Could it at all, even a tiny little bit, have anything to do with having to turn one's back on one's origins, roots, culture and "act white" to get a foothold in this society?

Could it have anything to do with being expected to abandon one's own heritage and conform to and perform in an "alien" environment?

I wish that some of you here could participate in the "blue eye-brown eye" experiment, carried out by Jane Elliott in 1968... (see the link)


And we wonder why there is an achievement gap in American schools, a gap between white student performance and the performance of native, black and latino children...

Walk in someone else's shoes for a mile or two - use your imagination...

I know what it's like to go to school and not be able to speak English...

and to be thought of as less than because of that...

and having to work hard at school because I wanted to be accepted and to meet the family push to use education to get out of poverty/climb the social ladder/achieve acceptance, and at the same time, underachieving (I was quite 'bright') to avoid more of the limelight...

and having a name that no one could pronounce...

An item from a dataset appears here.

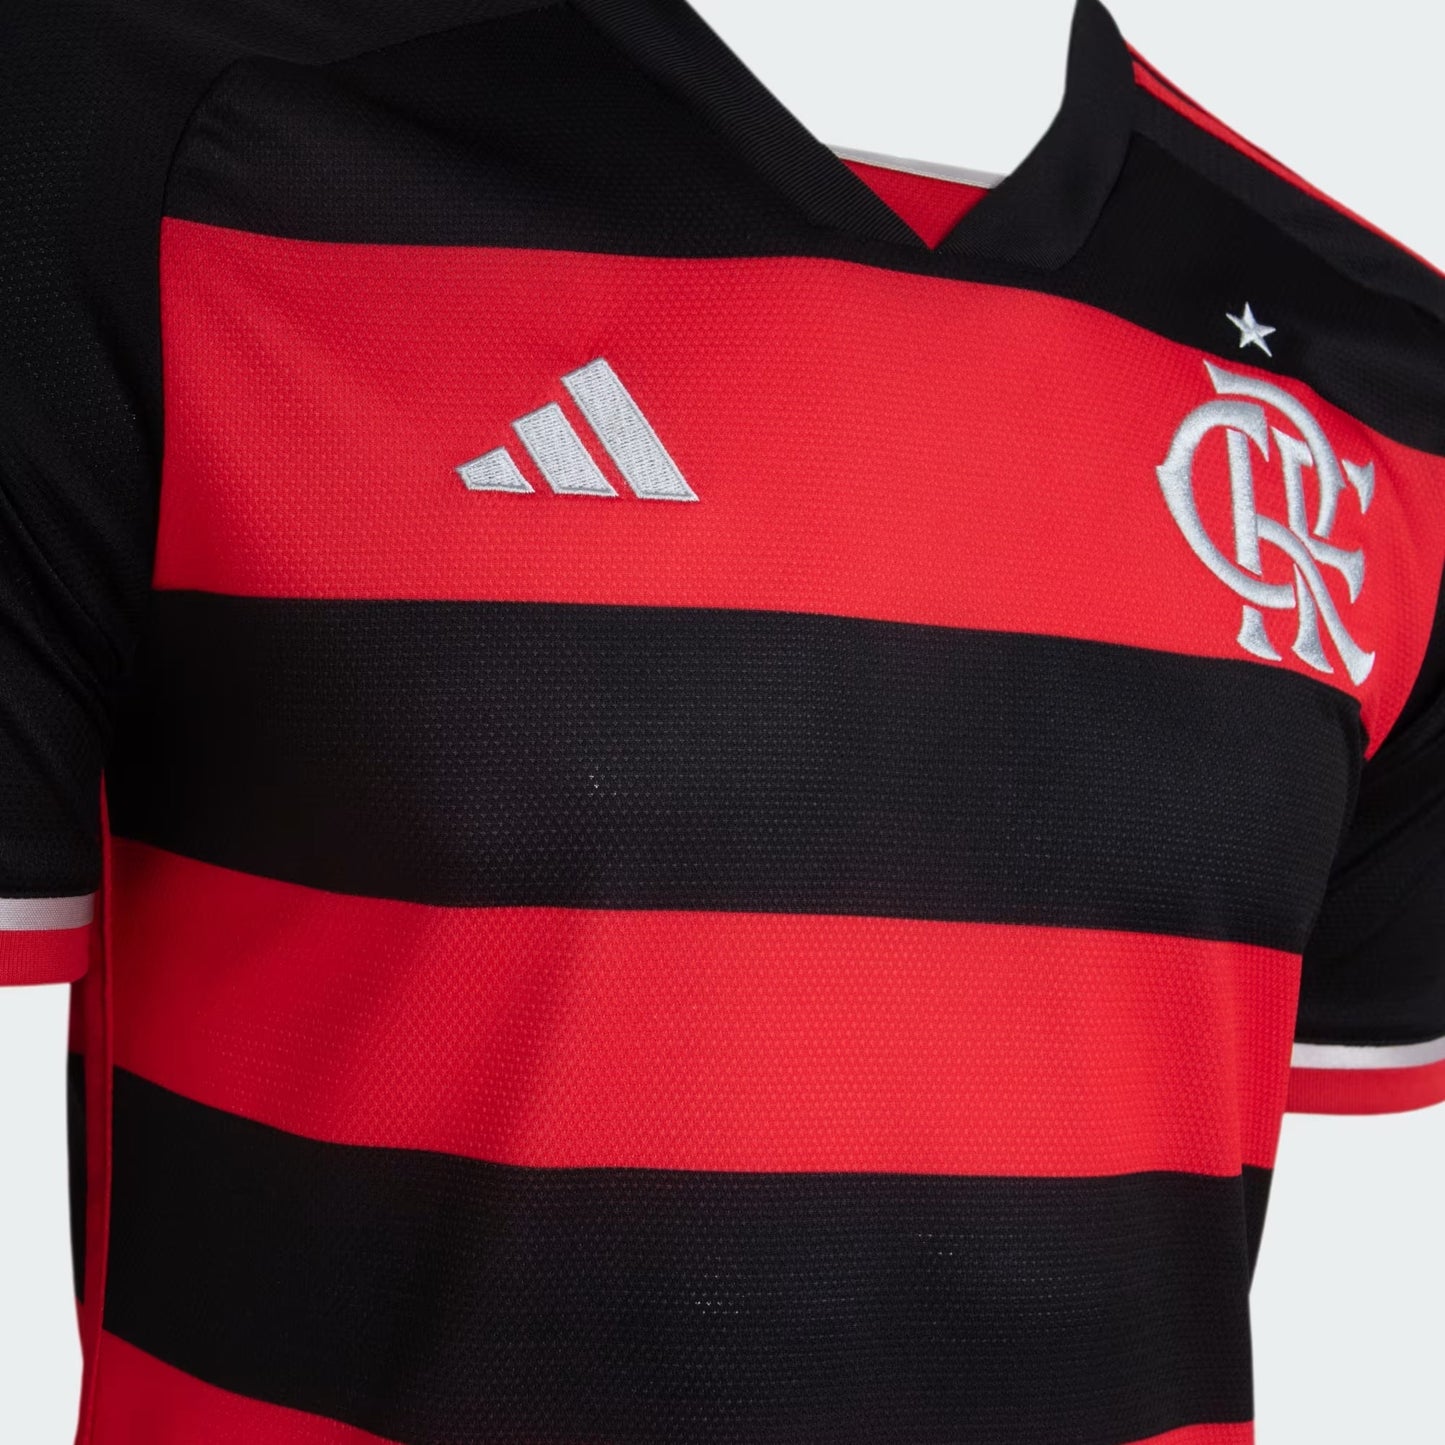 Camisa do Flamengo Home 24/25 s/n Torcedor Masculino - Preto e Vermelho
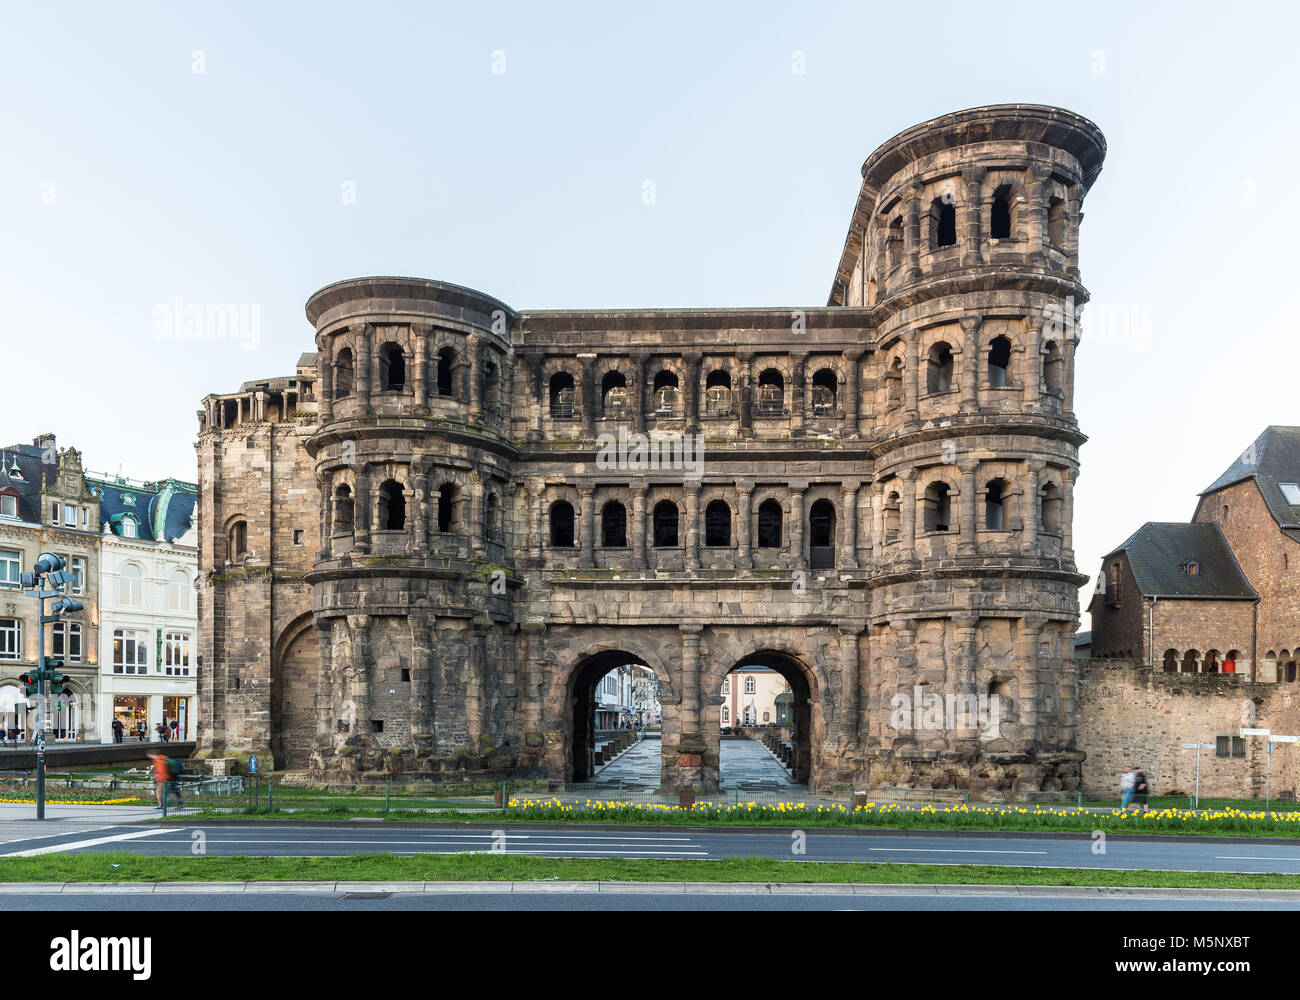 Visualizzazione classica del celebre Porta Nigra, la più grande città romana monumento di gate a nord delle Alpi, nella vecchia città di Treviri, Rheinland Pfalz, Germania Foto Stock

and having cultural slurs hurled at me - ones I didn't understand...


and being ambushed on the way to or from school and being hit, kicked, punched and beaten with pieces of wood...

and not having my origins or culture valued, recognised even...

and not feeling at home in my native culture, not knowing my history because not enough of it got transmitted/maintained in the process of meeting the demands of assimilation...

I understand this issue because really, I'm not Dutch, I'm not a Kiwi, I'm not an Australian, I'm not an American...

I think too much like a Dutch person to be called/recognised/accepted as a Kiwi, and too much like a Kiwi to be accepted as Dutch...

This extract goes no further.